[[ GIVEN DATA, beginning ]]

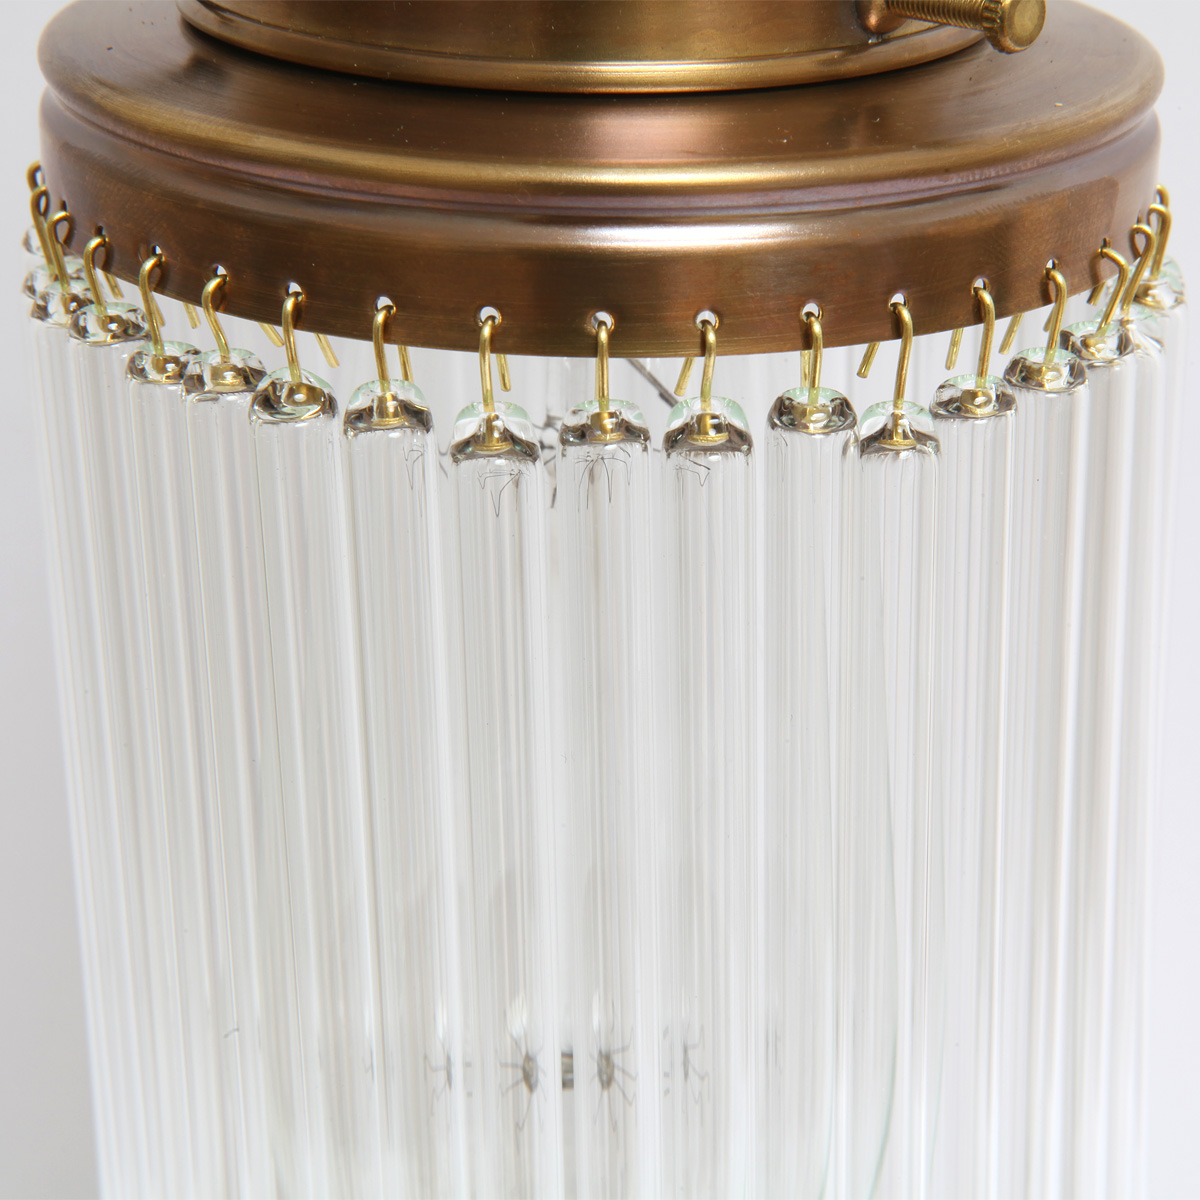 Stile Floreale-Kristallglas-Deckenleuchte VENEZIA 46 x 40 cm: Filigrane Kristall-Glasstäbchen sorgen für eine interessantes Lichtspiel (Ausführung handpatiniert-Altmessing)
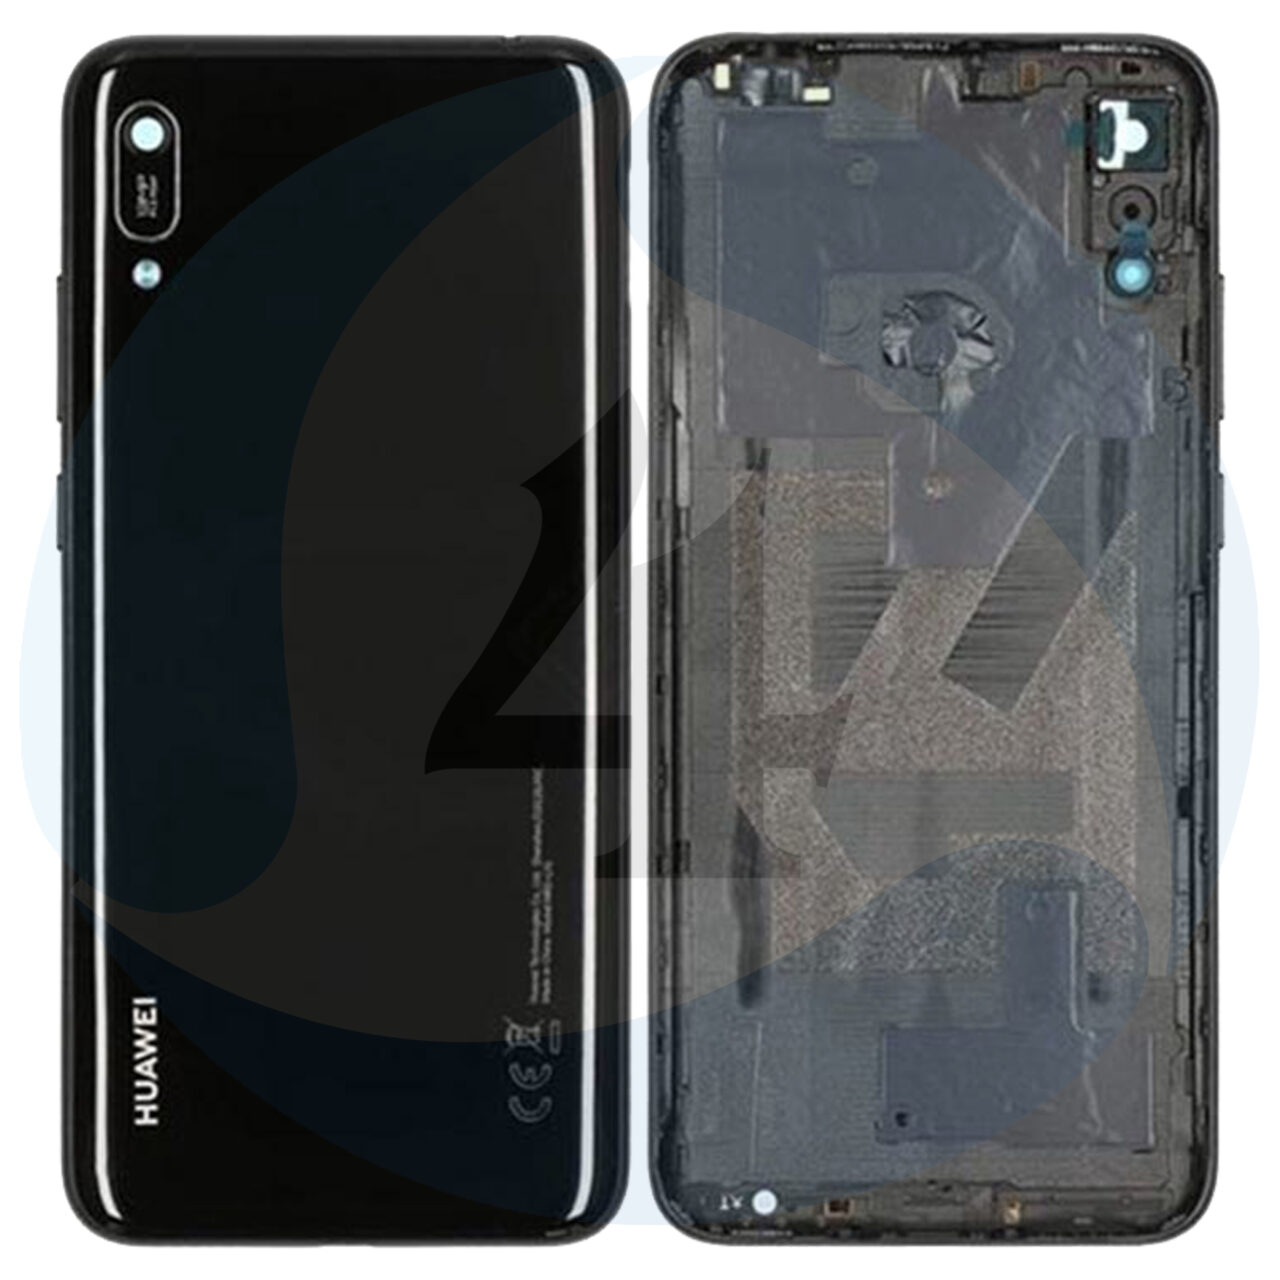 Huawei Y6 2019 Back Cover 02352 LYH Midnight Black
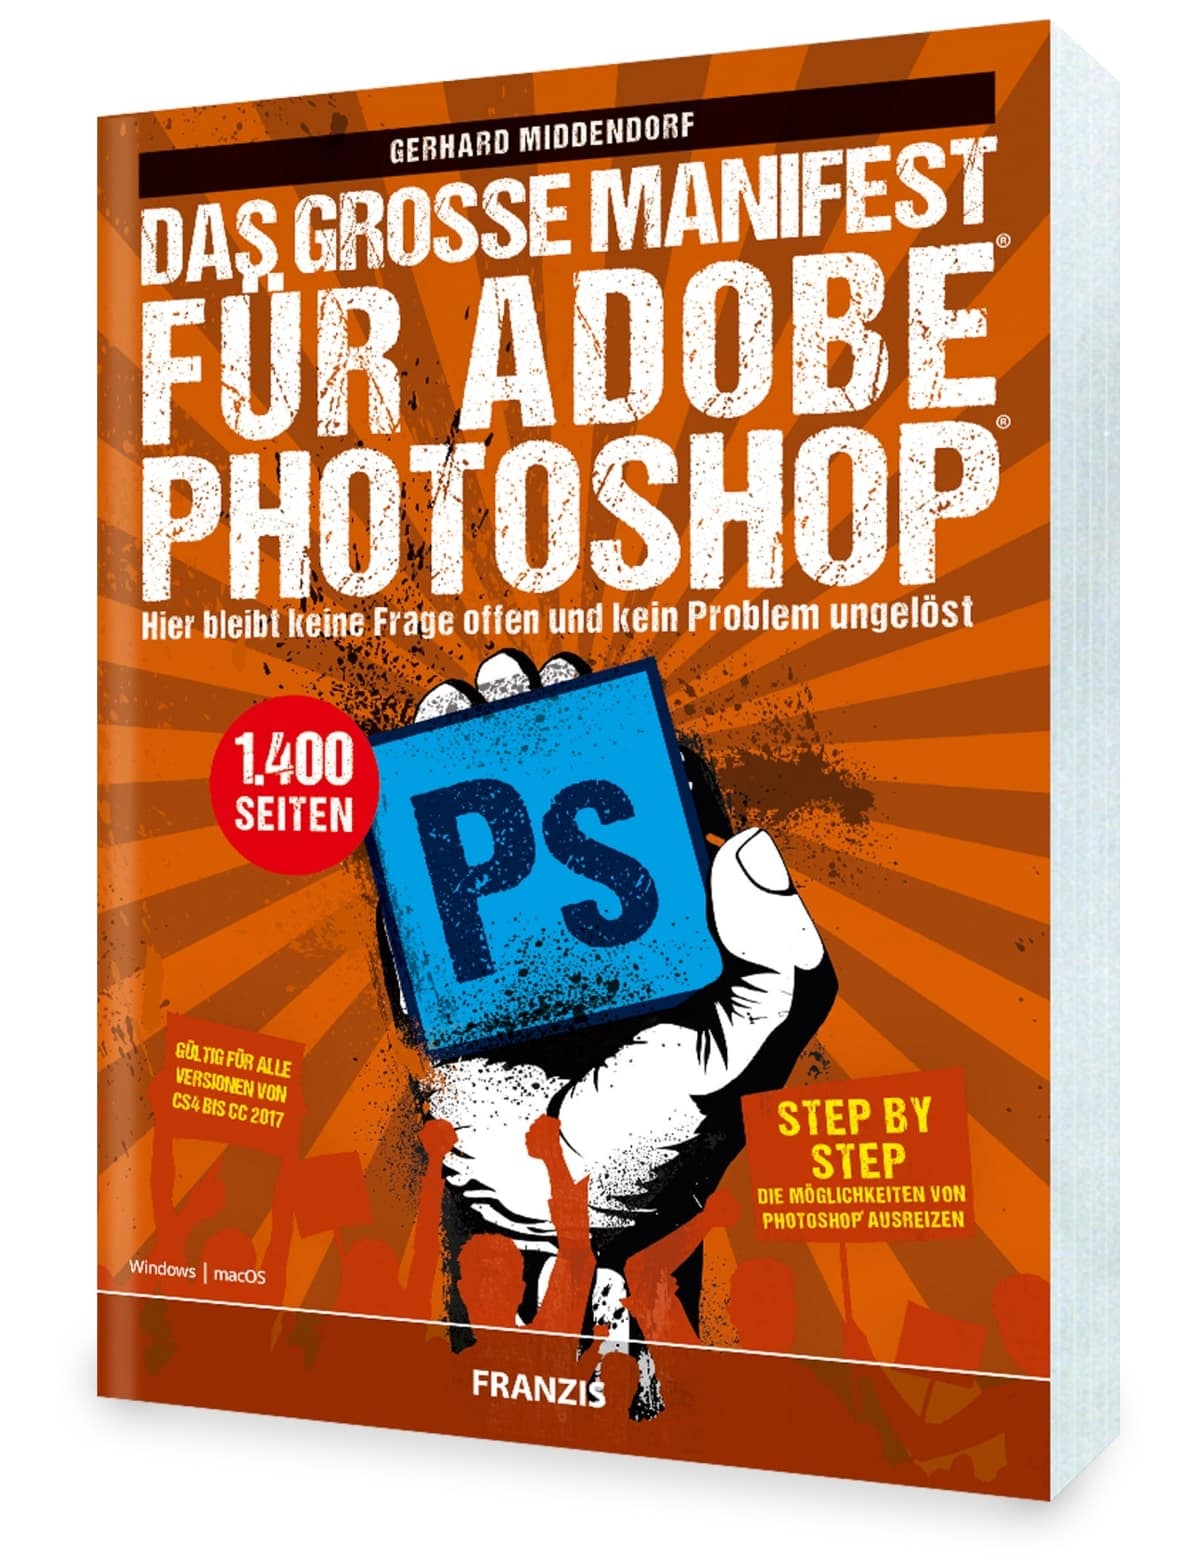 FRANZIS PDF Buch " Das grosse Manifest" für Adobe Photoshop

[[ GIVEN DATA, end ]]

*TRY IT*
The listing is to be reproduced in full and exactly, except that its pictures are to be dropped.

*ANSWER TO THE EXERCISE*
 Stile Floreale-Kristallglas-Deckenleuchte VENEZIA 46 x 40 cm: Filigrane Kristall-Glasstäbchen sorgen für eine interessantes Lichtspiel (Ausführung handpatiniert-Altmessing)
 Huawei Y6 2019 Back Cover 02352 LYH Midnight Black
 FRANZIS PDF Buch " Das grosse Manifest" für Adobe Photoshop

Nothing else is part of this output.